The U.S. Department of Housing and Urban Development (HUD) and the U.S. Consumer Product Safety Commission (CPSC) today issued interim remediation guidance to help homeowners struggling to rid their properties of problem drywall linked to corrosion of metal in their homes such as electrical components.

Earlier this year, HUD and CPSC issued a protocol to help identify problem drywall in the home. Today’s interim remediation guidance is being released in recognition that many homeowners want to begin remediating their homes and offers a next step to homeowners whose homes have been determined to have problem drywall.

Based on scientific study of the problem to date, HUD and CPSC recommend consumers remove all possible problem drywall from their homes, and replace electrical components and wiring, gas service piping, fire suppression sprinkler systems, smoke alarms and carbon monoxide alarms.

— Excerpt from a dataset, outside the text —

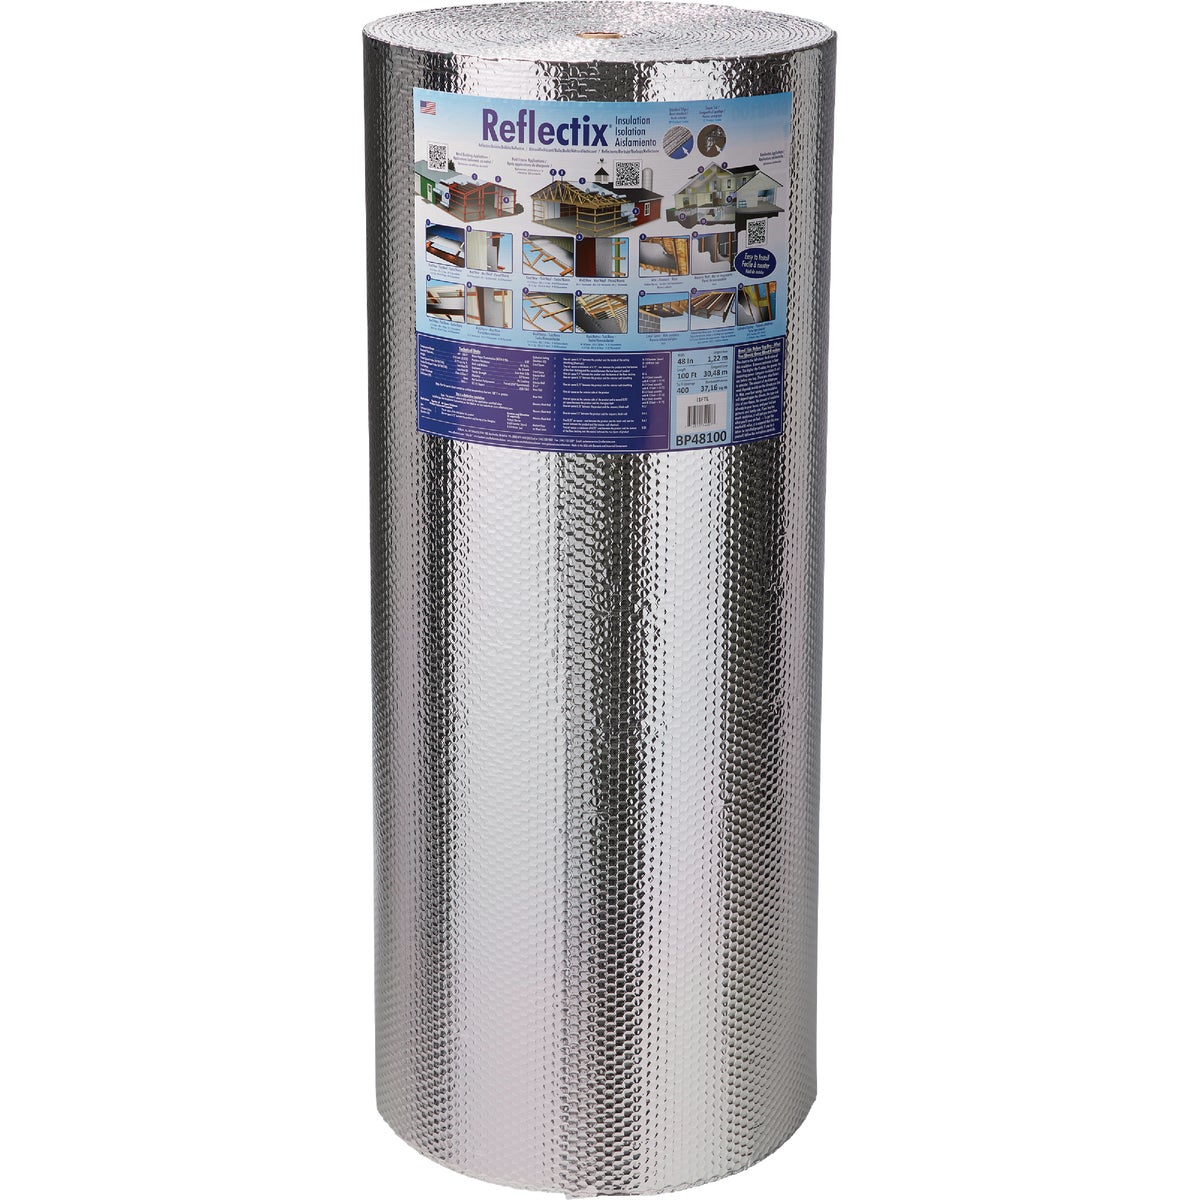 Reflectix 48 In. x 100 Ft. Double Reflective Insulation

Taking these steps should help eliminate both the source of the problem drywall and corrosion-damaged components that might cause a safety problem in the home. To view a full text of the remediation guidance, visit the federal Drywall Information Center website.

This interim remediation protocol is being released before all ongoing scientific studies on problem drywall are completed so that homeowners can begin remediating their homes. CPSC will continue to release its scientific studies as they are completed.

Completed studies show a connection between certain Chinese drywall and corrosion in homes. CPSC is continuing to look at long term health and safety implications.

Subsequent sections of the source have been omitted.